Jump to: navigation, search

The principle is relatively simple: each GfsBox can take a pid argument which defines the rank of the process on which the solution for this GfsBox will be computed. If you take the "half cylinder" example and do something like:

4 3 GfsSimulation GfsBox GfsGEdge {} {
  Time { end = 10 }
  Refine 6
  GtsSurfaceFile half-cylinder.gts
  Init {} { U = 1 }
  OutputProjectionStats { step = 0.02 } stderr
  OutputSimulation { step = 1 } simulation-%3.1f
  OutputTiming { start = end } stderr
}
GfsBox { pid = 0 left = BoundaryInflowConstant 1 }
GfsBox { pid = 1 }
GfsBox { pid = 2 }
GfsBox { pid = 3 right = BoundaryOutflow }
1 2 right
2 3 right
3 4 right

if you run this using

% gerris2D half-cylinder.gfs

it will run on one processor. If you now do

% mpirun -np 4 gerris2D half-cylinder.gfs

it will run on 4 processors with each of the GfsBoxes assigned to a different processor. Gerris takes care of the communications necessary at the boundaries between GfsBoxes on different processors.

Any Gerris parameter file can be manually "parallelised" as explained previously. Gerris also includes functions designed to create "parallelised" simulation files. A short description of these functions is given when typing:

% gerris2D -h
 -s N   --split=N     splits the domain N times and returns
                      the corresponding simulation
 -i     --pid         keep box pids when splitting
 -p N   --partition=N partition the domain in 2^N subdomains and returns
                      the corresponding simulation
 -b N   --bubble=N    partition the domain in N subdomains and returns
                      the corresponding simulation

The option -s is used to split the domain which will create more GfsBoxes. It takes the already existing domain, splits it N times and attribute a new pid to each GfsBox (unless the -i option is specified).

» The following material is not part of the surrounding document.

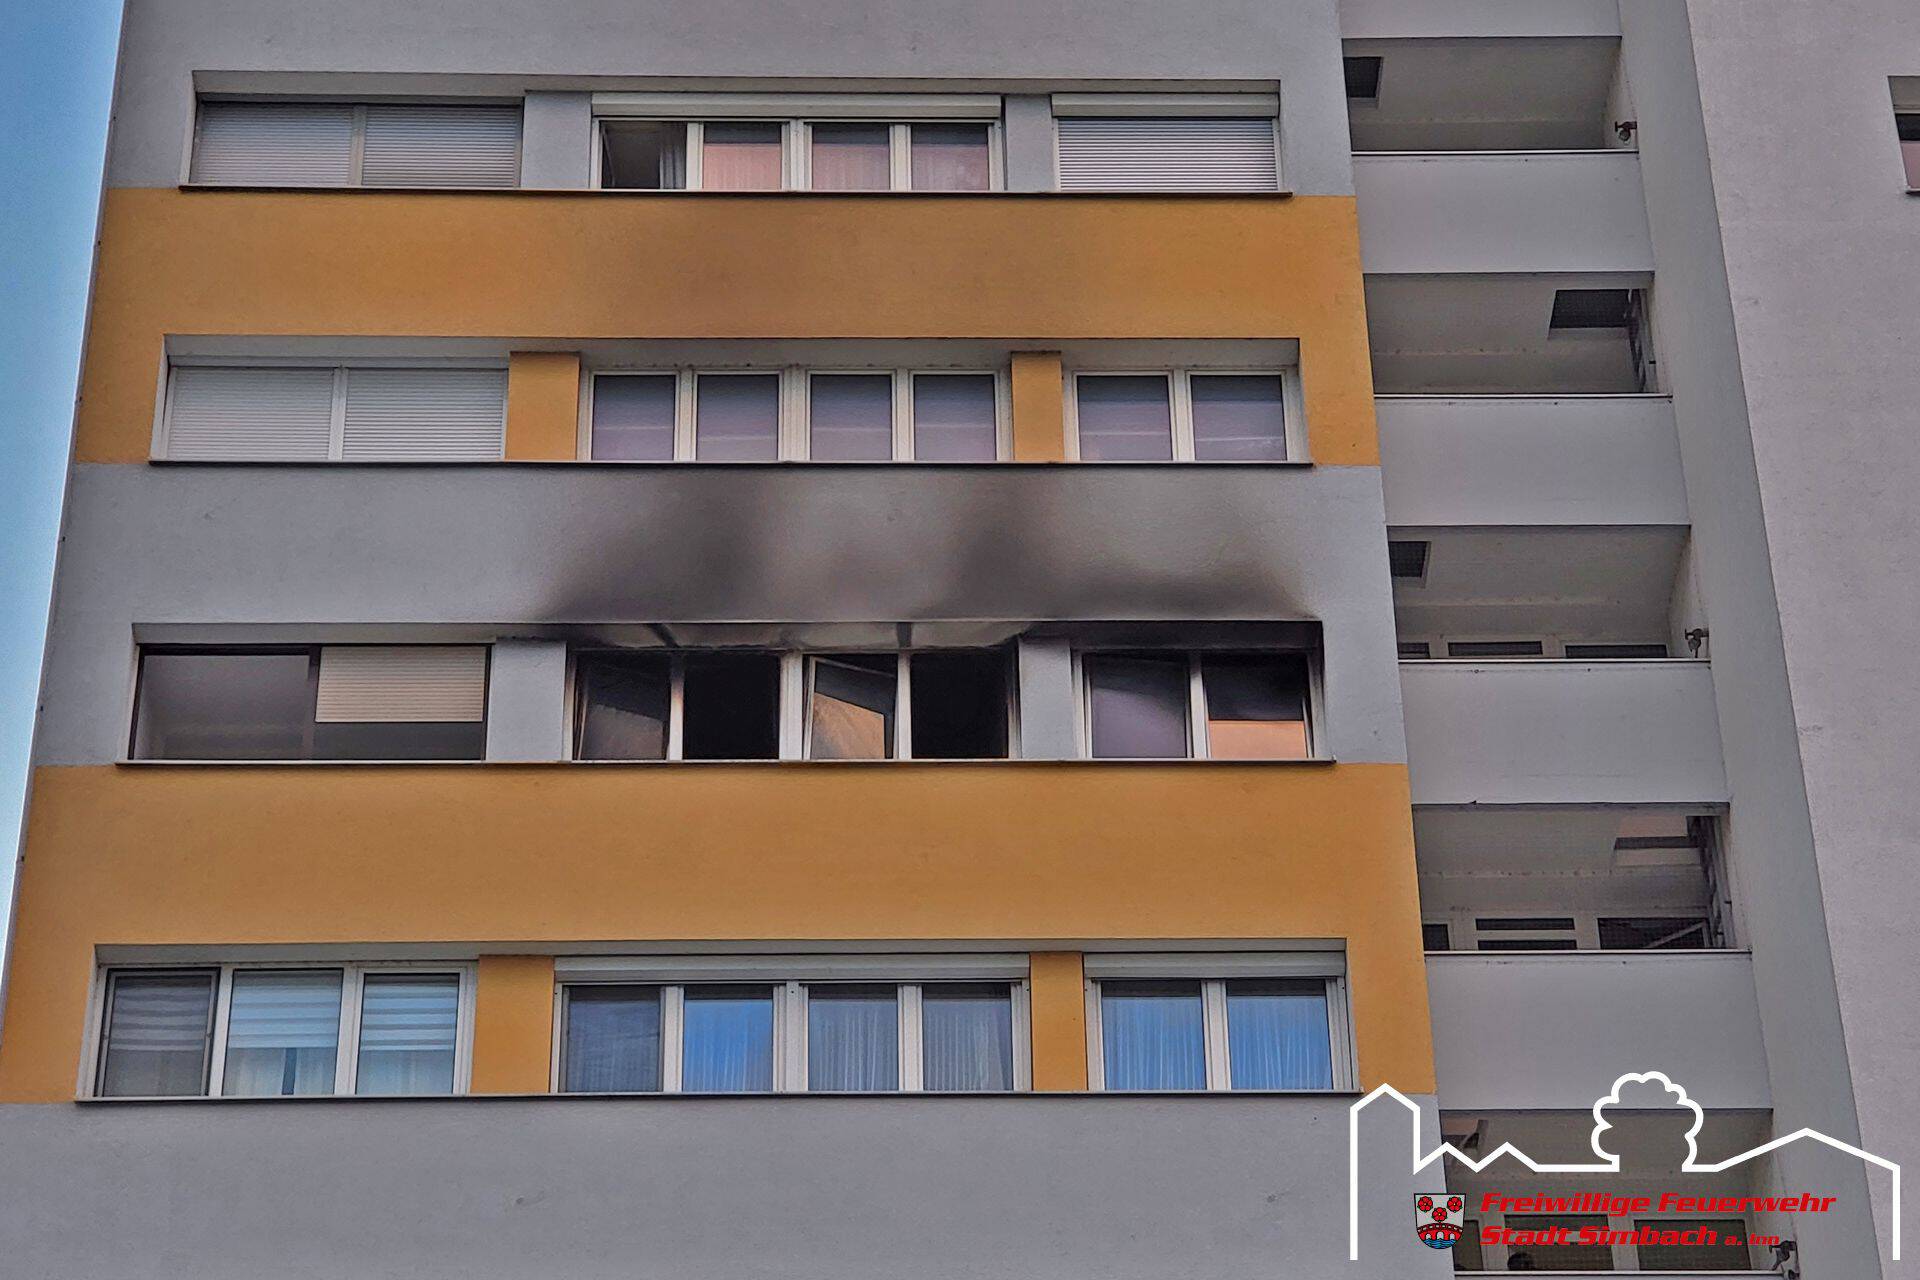 Wohnungsbrand in Hochhaus 03.07.2022 (16)

The -p and -b options are used to "parallelise" a Gerris file that already contains enough GfsBoxes (at least 2^N for the -p option and N for the -b option). It will group the GfsBoxes together in order to get 2^N (or N) subdomains. Each of these domains is attributed a different pid. The difference between the -p and -b options is the algorithm used to perform the graph partitioning. The -b option uses a simple and fast bubble partitioning algorithm which will not necessarily yield well-balanced subdomains. The -p options uses a more complex and slower recursive bisection algorithm which is optimised to yield well-balanced subdomains.

Example: the GfsSimulation is 2D and made of 3 GfsBoxes

1- If only one processor is to be used no parallelisation is required. We use the usual command line:

% gerris2D simulation.gfs

2- If 2 processors are to be used: being constituted of 3 GfsBoxes 2 solutions can be considered:

  • Either the 3 GfsBox can be redistributed in 2 subdomains, which are bound to be 1 subdomain of 1 GfsBox and one of 2 GfsBoxes. This can be done by:
% gerris2D -b 2 simulation.gfs > parallelsimulation.gfs

then the simulation can be started using:

% mpirun -np 2 gerris2D parallelsimulation.gfs
  • If we want to get a better balance between the size of the 2 subdomains, it is possible to split the simulation once and then reassemble it.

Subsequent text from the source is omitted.